A dependência dessas infraestruturas vulneráveis foi ressaltada recentemente pelo Presidente Obama no lançamento da sua política de revisão para o ciberespaço: “A infraestrutura digital, de comunicações, global e interconectada, conhecida como ciberespaço, encontra-se hoje em quase todos os aspectos da sociedade moderna e provê suporte crítico para a economia americana, infraestrutura cível, segurança pública e nacional. Ameaças ao ciberespaço podem ser encaradas hoje como um dos mais sérios desafios econômicos e de segurança nacional do século 21”.

Ao mesmo tempo em que as sociedades têm se tornado mais frágeis, as potenciais ameaças estão se expandindo, se diversificando e ficando mais difíceis de detectar.
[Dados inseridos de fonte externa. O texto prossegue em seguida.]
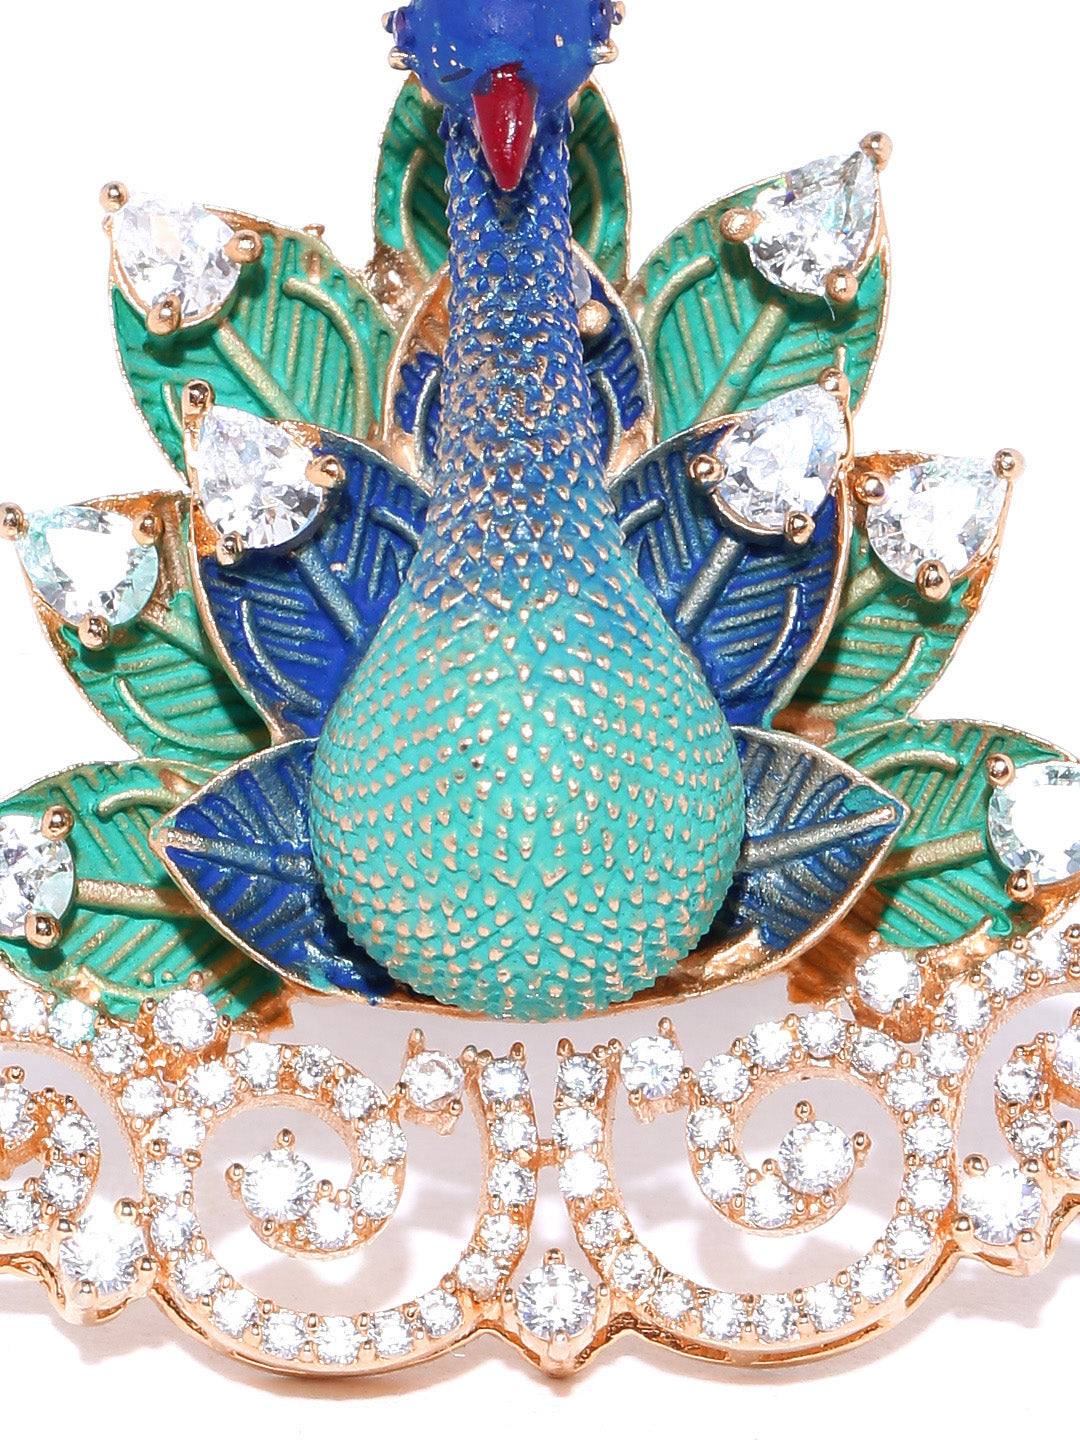 Gold-Plated American Diamond Studded Peacock Inspired Meenakari Adjustable Ring in Peach and Green Color

A capacidade para lançar ataques cibernéticos que podem corromper essas vulnerabilidades estratégicas está chegando ao limite, isto é, os avanços tecnológicos estão fortalecendo grupos e indivíduos para diretamente ameaçar a segurança nacional e a estabilidade global, quando colocam em risco infraestruturas críticas.

As motivações para os ataques podem variar desde intenções estratégicas até políticas, financeiras, vingativas ou simplesmente a procura de aventuras. Em termos simples, a ameaça para a segurança nacional e a estabilidade global não está mais confinada a outras nações e seus exércitos, podendo ser incluídos nesse rol grupos ou indivíduos poderosos, como terroristas, insurgentes, organizações criminosas e gangues.

William Crowell, ex-diretor assistente da Agência de Segurança Nacional dos EUA afirma que “Para evitar ou burlar completamente normas jurídicas internacionais sobre guerra, os países podem patrocinar, incentivar ou simplesmente tolerar ataques cibernéticos ou espionagem realizados por grupos privados contra seus inimigos”.

O impacto de um ataque cibernético a infraestruturas críticas de um Estado pode desestabilizar vários sistemas cruciais para o devido funcionamento da sociedade como nós a conhecemos. É importante frisar que esse cenário não é fruto da imaginação popular, mas algo que já está acontecendo, inclusive dentro do nosso próprio país. Entretanto, ainda não estamos habilitados a tomar as devidas medidas repressivas e de contra-ataque. É necessária uma cooperação entre as esferas públicas e privadas para uma efetiva política de proteção contra essa novel modalidade criminosa. Nas palavras do Relatório de Criminologia Virtual de 2009, da empresa Mcafee: “O conflito cibernético internacional chegou ao ponto de não ser mais apenas uma teoria, mas uma ameaça significativa com a qual os países já estão lutando a portas fechadas”. 

*   Advogado do escritório Opice Blum Advogados Associados. Mestrando em Direito Constitucional pela Universidade Federal do Ceará (UFC); Membro do Comitê de Crimes Eletrônicos da OAB-SP; Membro da Comissão de Informática Jurídica da OAB-CE; Professor da Pós-Graduação em Processo Civil da Escola Superior de Magistratura do Ceará (ESMEC).